Sunday, Aug. 20, 2006

How Jonathan Franzen Learned To Stop Worrying (Sort Of)

By By Lev Grossman/San Jose

Jonathan Franzen is looking for an owl. He got a tip off the Internet about an owl living in a particular tree in this particular park in sunny San Jose, Calif. Now we are staring at the tree with binoculars from a distance of about 20 ft. Is the owl not home? Is it using some owl camouflage power on us? Is this even the right tree? In the past hour Franzen, 47, who's a pretty hard-core bird watcher, has already spotted California quail, some towhees, a scrub jay, a flicker and a few acorn woodpeckers. So far no owl, though.

Bird watching isn't actually Franzen's main gig. You probably know him as the author of the huge 2001 best seller The Corrections, a symphony of Midwestern, middle-class mental suffering that conveys depression and anxiety more entertainingly and eloquently than almost any book I've ever read, and which almost instantly made him the premier literary novelist in his age bracket. You might also possibly remember Franzen as the man who rather too honestly expressed his ambivalence over being chosen for Oprah Winfrey's book club, prompting Winfrey to honestly, unambivalently rescind her invitation to come on her show.

So who is this cheerful, good-natured, owl-spotting nature boy? And what has he done with Jonathan Franzen? He's not the same tortured genius who wrote The Corrections. Success has changed him. He's a slightly different kind of genius now. His wonderful and supremely personal new memoir The Discomfort Zone (Farrar, Straus & Giroux; 195 pages) offers a few clues as to why.

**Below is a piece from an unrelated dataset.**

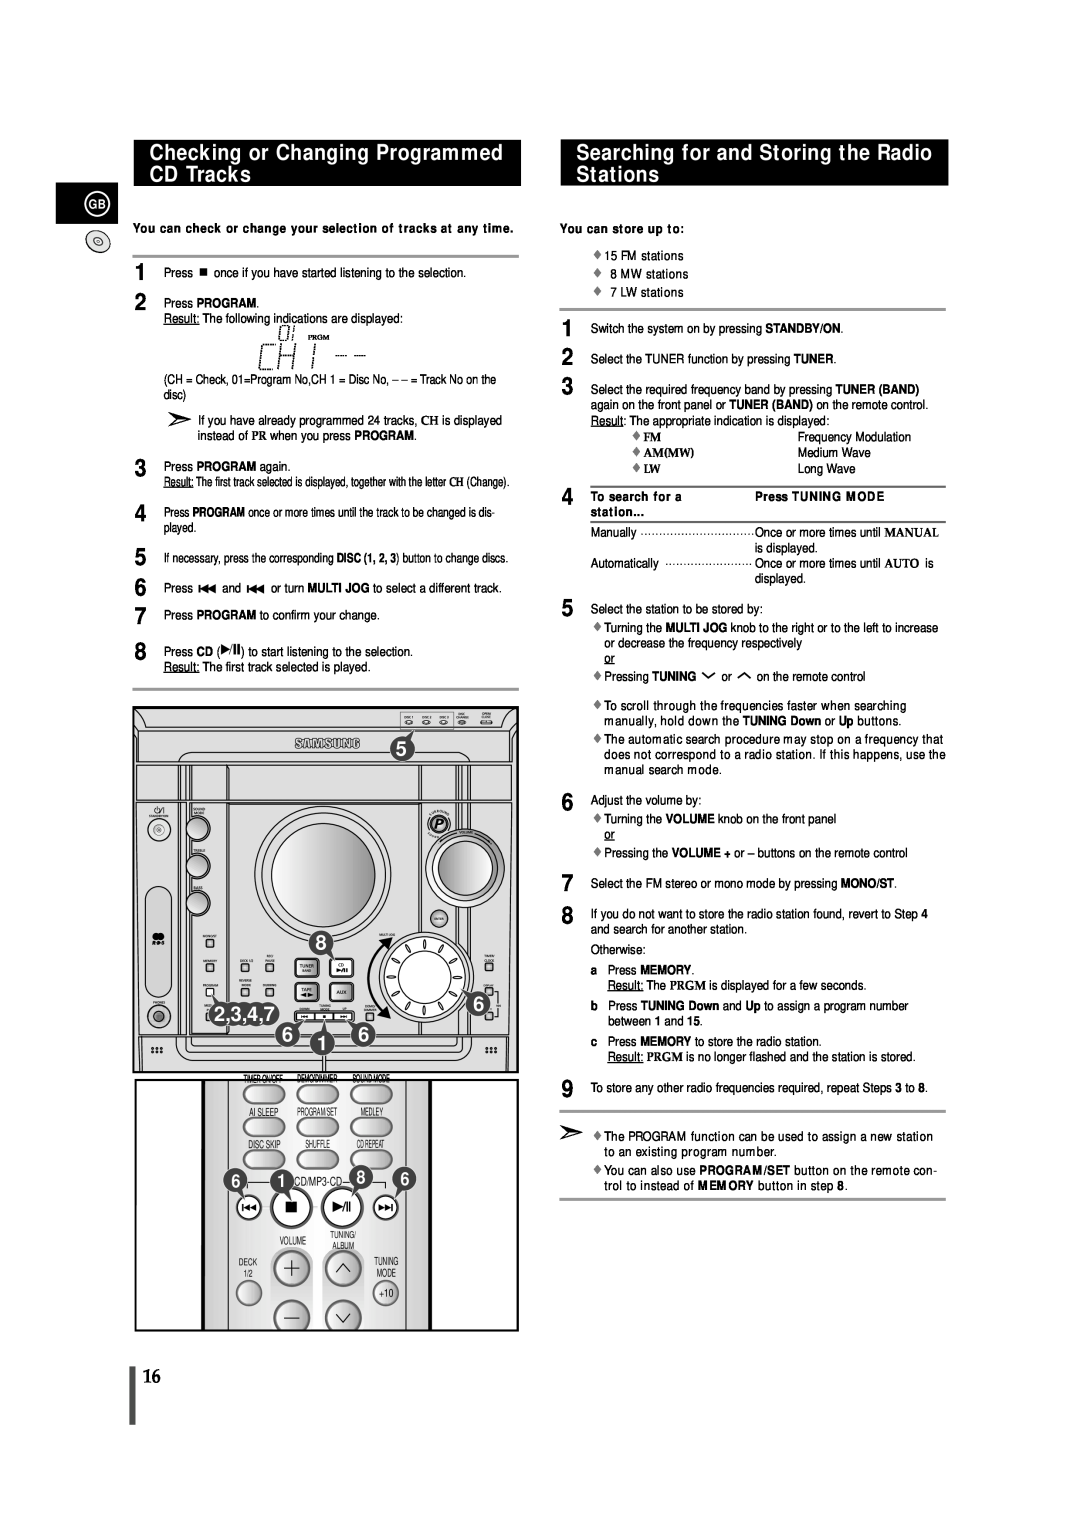 Samsung MAXZJ650RH/EDC Checking or Changing Programmed CD Tracks, Searching for and Storing the Radio Stations, 2,3,4,7

Franzen grew up nerdy and nervous in a small, comfortable town in Missouri called Webster Groves. Here are a few things that young Jonathan was afraid of, according to The Discomfort Zone: "spiders, insomnia, fish hooks, school dances, hardball, heights, bees, urinals, puberty, music teachers, dogs, the school cafeteria, censure, older teenagers, jellyfish, locker rooms, boomerangs, popular girls," and most of all, "my parents." When he wasn't afraid, Franzen was embarrassed. Here's another list citing reasons why the boy Franzen wasn't popular. "I had a large vocabulary, a giddily squeaking voice, horn-rimmed glasses, poor arm strength, too-obvious approval from my teachers, irresistible urges to shout unfunny puns, a near eidetic acquaintance with J.R.R. Tolkien, a big chemistry lab in my basement, a penchant for intimately insulting any unfamiliar girl unwise enough to speak to me, and so on."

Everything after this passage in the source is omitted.